Mobilidade com Teleférico Urbano
(“Mobility with Urban
Cable Cars” - This text is written in a way to
ease comprehensive electronic translation)
Klaus H. G. Rehfeldt
Você consegue imaginar
simplesmente entrar em uma cabine e flutuar relaxado e sem agitação acima do
caos urbano em direção ao seu destino? Deixar os problemas de trânsito,
engarrafamentos e barulho nas estradas para trás e experimentar suas viagens
diárias de uma maneira totalmente nova?
Isso
existe! Basta ir para Ankara, na Turquia, Medelín, na Colômbia, Cidade do
México, La Paz, Bolívia, Yokohama, Japão, Novgorod, Rússia, Ulan-Bator,
Mongólia, entre outras cidades ao redor do mundo para conhecer a resposta. São
os teleféricos urbanos como sistema de transporte público e como solução
eficiente para cidades ambientalmente conscientes. As características dos
teleféricos urbanos oferecem enfoques interessantes para cidades de médio e
grande porte: eles ocupam pouco espaço, podem atravessar qualquer obstáculo e
também economizam tempo e energia. Além disso, não há conflitos com outros
usuários de trânsito e um único motor elétrico move vários veículos ao mesmo
tempo. Esses teleféricos exigem apenas pequenas áreas de contato com o solo
para colunas de suporte e estações, sendo, assim, ambientalmente altamente
sustentáveis. Além disso, à parte os teleféricos para fins turísticos (com outros condicionantes e outras propostas de exploração), são
economicamente compatíveis com outros meios de transporte coletivo urbano.
Uma das vantagens
principais é a via exclusiva do teleférico no ar que garante tempos de viagem
uniformes, por não ser afetada por outros meios de tráfego urbano. Os
passageiros são transportados continuamente - sem escala de horários e tempos
de espera. Por outro lado, enquanto ônibus urbanos se deslocam – em condições
ideais – a cerca de 16 km/hora, teleféricos urbanos, dependendo do modelo,
conseguem velocidade de cerca de 30 km/hora, dependendo do número de estações
no percurso. Atualmente, uma linha de teleférico urbano pôde cobrir uma
distância de até 10 km, com colunas de suporte distantes, no máximo, 2,5 km uma
da outra, que permitem desvios de até 35 graus. A capacidade de transporte pode
chegar a 4.000 pessoas/hora (dados para teleféricos de três cabos).
De
maneira geral, teleféricos urbanos são implantados na ligação de concentrações
urbanas como bairros distantes.

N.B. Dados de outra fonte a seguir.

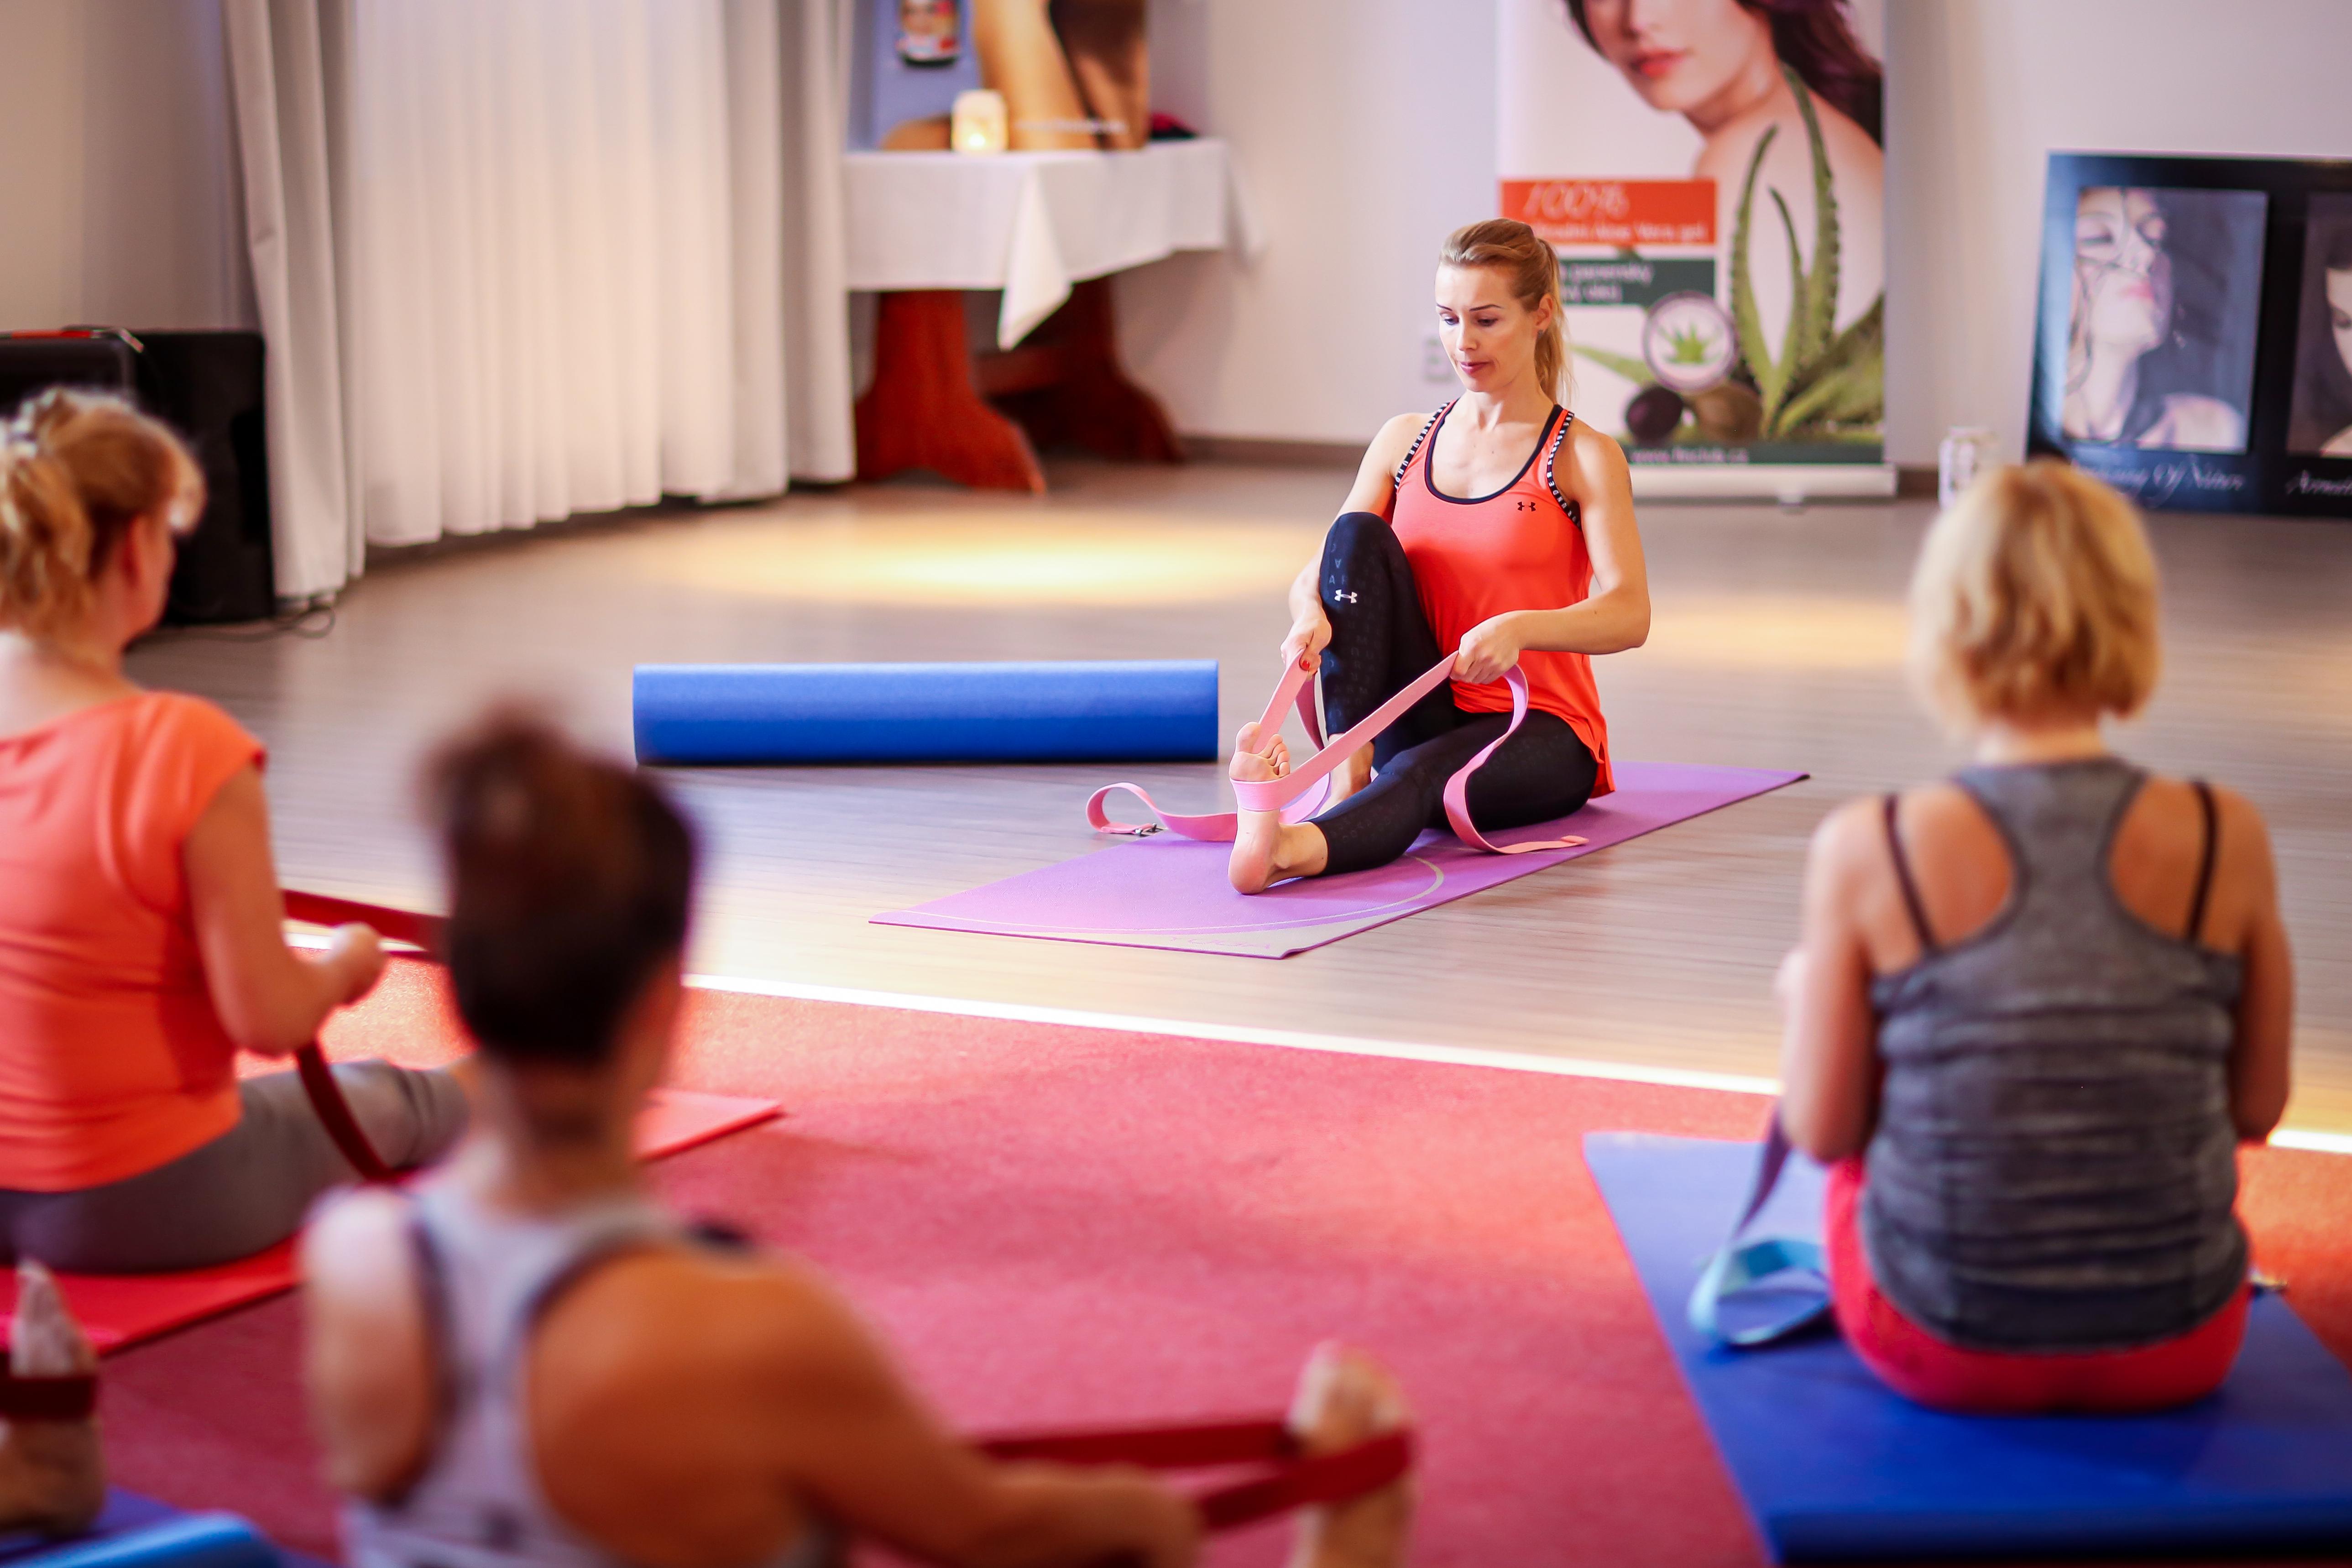 cviceni-relaxace-meditace-wellness-kosmetika-harmonieteladuse

Percursos ideais são avenidas largas, ou então,
vantagens geográficas como cursos de água ou bacias hídricas (vide o bonde
suspenso ‘Schwebebahn’ em Wuppertal, Alemanha).
Mesmo
tratando-se de um sistema de fluxo contínuo, a velocidade com que as cabines
percorrem as estações ou é muito lenta e permite fácil embarque e desembarque,
ou pode ser de tecnologia ‘stop-and-go’, o que significa que as cabines podem
ser paradas completamente por um curto período de tempo, permitindo, por
exemplo, o embarque de carrinhos de bebê.
E o
custo? Os teleféricos urbanos têm custos de investimento e operação
relativamente baixos em comparação com outros sistemas de transporte. O custo
de uma linha de teleférico é cerca de metade daquele de uma de bonde LTV e cerca
de 1/10 do de um mesmo trecho de metrô. Os custos operacionais, obviamente,
dependem das características do sistema, mas costumam ser perfeitamente compatíveis
com outros sistemas de transporte coletivo urbano.
Em termos
de segurança, o teleférico é, depois do transporte aéreo com um acidente em 113
milhões de quilômetros, o segundo transporte mais seguro, com 17 milhões de
quilômetros.
O que era
exótico em tempos passados está se tornando cada vez mais um meio alternativo e
eficiente de transporte em tempos de crescente intensidade de tráfego urbano. E
sempre é uma atração turística.
Estranhamente
trata-se de uma alternativa viária, em muitos casos totalmente ignorada, seja
pelo poder público, seja pelos empresários de transporte coletivo.